Under Argentine Law, SA´s requires a minimum of two shareholders. There is no cap on the number of shareholders a SA may have.

Shareholders to an SA can be either individuals or legal entities. Save for exceptional and limited cases, there are no nationality or residence requirements to become shareholders of a SA: foreign individuals (whether residents in Argentina or not) or foreign legal entities may hold the whole share capital.

To channel foreign investments, two foreign companies as shareholders usually form domestic SAs. To have interest in SAs, foreign companies must be previously registered with the Public Registry of Commerce (Registro Público de Comercio or RPC), as we have pointed out in the first part of this guide.

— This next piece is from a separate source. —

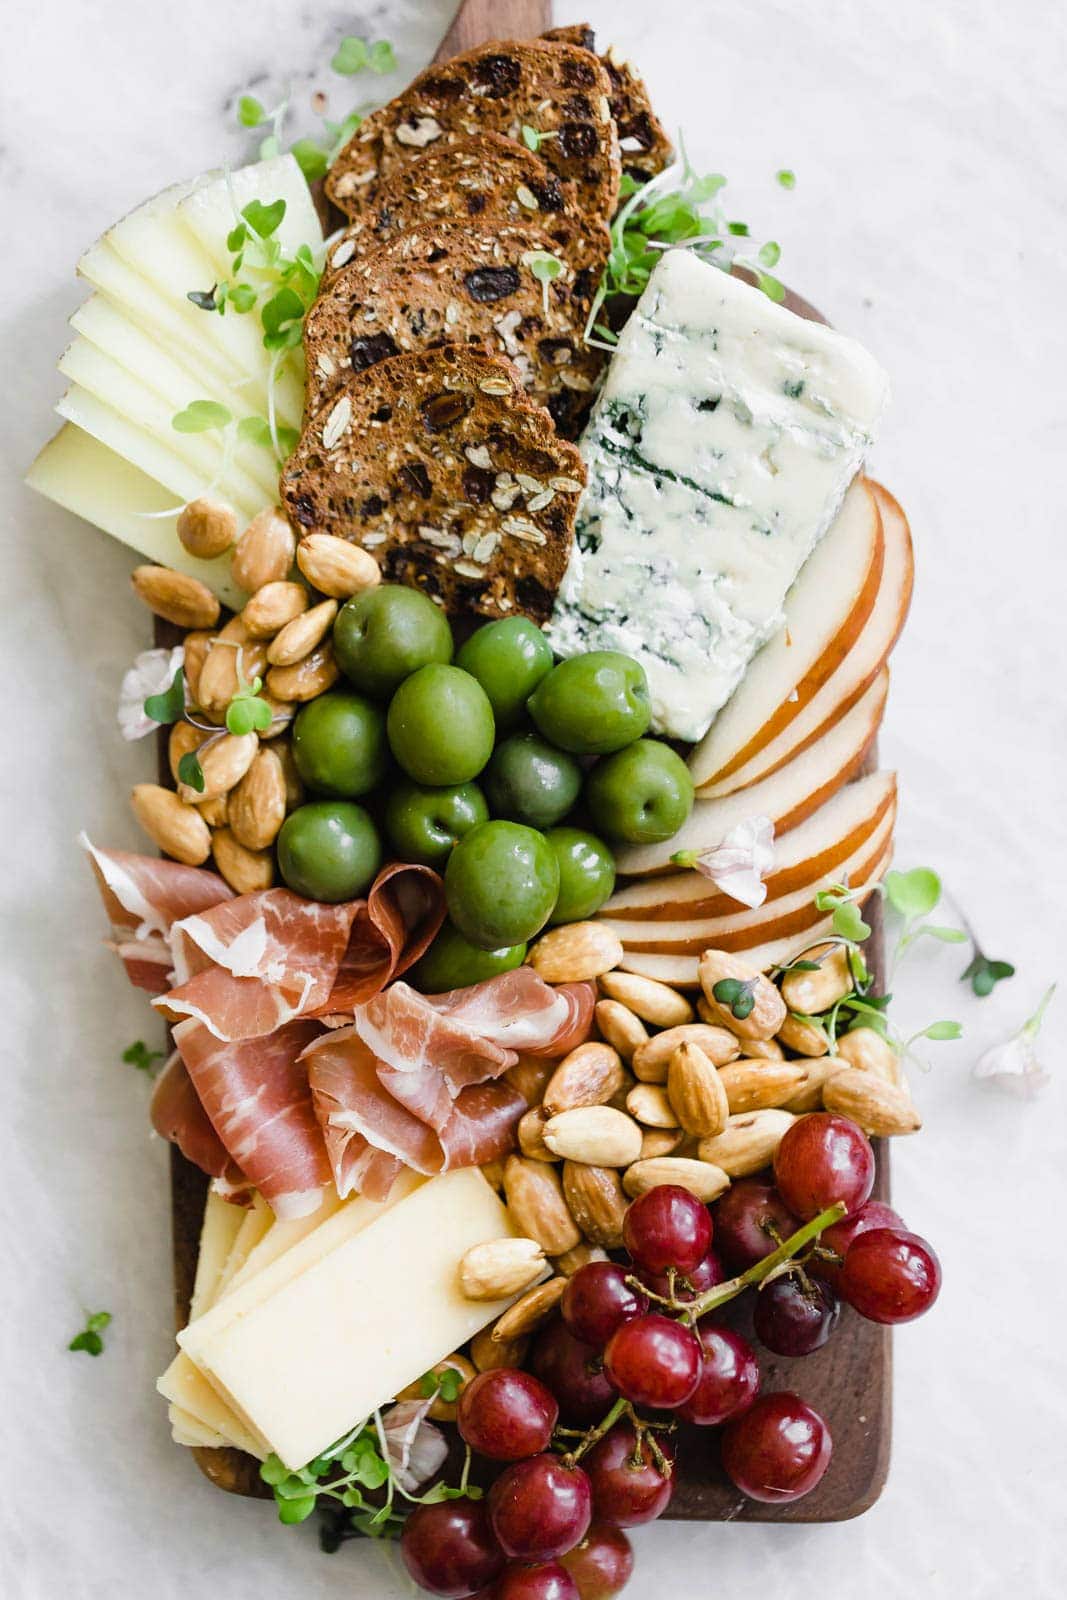 Date Night Cheese Board Ideas for Two | How To Make A ...

According to the jurisdiction the foreign legal entity is incorporated, the registration process may be more or less time consuming(but in any case a period of around six month is to be expected before it is completed). Until both foreign companies are registered before the RPC, they cannot grant the public deed forming the domestic SA.

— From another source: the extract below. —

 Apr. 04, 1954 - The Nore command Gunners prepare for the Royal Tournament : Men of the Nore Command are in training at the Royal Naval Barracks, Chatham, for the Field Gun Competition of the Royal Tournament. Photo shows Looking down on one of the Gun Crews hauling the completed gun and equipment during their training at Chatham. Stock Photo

On the contrary, to become shareholders of a SA, foreign individuals need not fulfilled with any prior requirement but just to register with the tax authorities to get their fiscal identification key (Clave de Identificación or CDI).

In the next issues of this Guide, we will cover the principal features of SAs and the registration procedures to be followed by foreign companies before the PRC, prior to become shareholders of a brand new SA or an already existing one.

Please, fill free to contact us if you need further information about any of the issues dealt with up to now.

 

[1] They are similar to corporations or companies limited by shares in common law countries. Another options of legal vehicles would be Branches and the so-called Sociedad de Responsabilidad Limitada (or SRL). Following, we will outline some differences of these vehicles compared to SAs.

Branches

As Pros:

–       They do not need any minimum allocation of capital, with the exception of certain regulated industries (such as banking or insurance);

–       They just require a legal representative registered before the RPC (no board or any other officers are required).

As Cons:

–       They cannot raise capital;

–       The parent company is fully liable for the branch´s debts.

SRLs

As Pros:

–       Easier to form and maintain.

As Cons:

–       Maximum of fifty partners;

–       SAs – or similar foreign legal entities – cannot be partners of SRLs;

–       SRLs have many provisions thought more for a family company;

–       Unlike SAs, SRLs are not allowed to be listed on a stock exchange;

–       To assign rights over the shares is far easier than doing the same over cuotas of a SRL. Further, any change of partners in a SRL involves also changing by laws.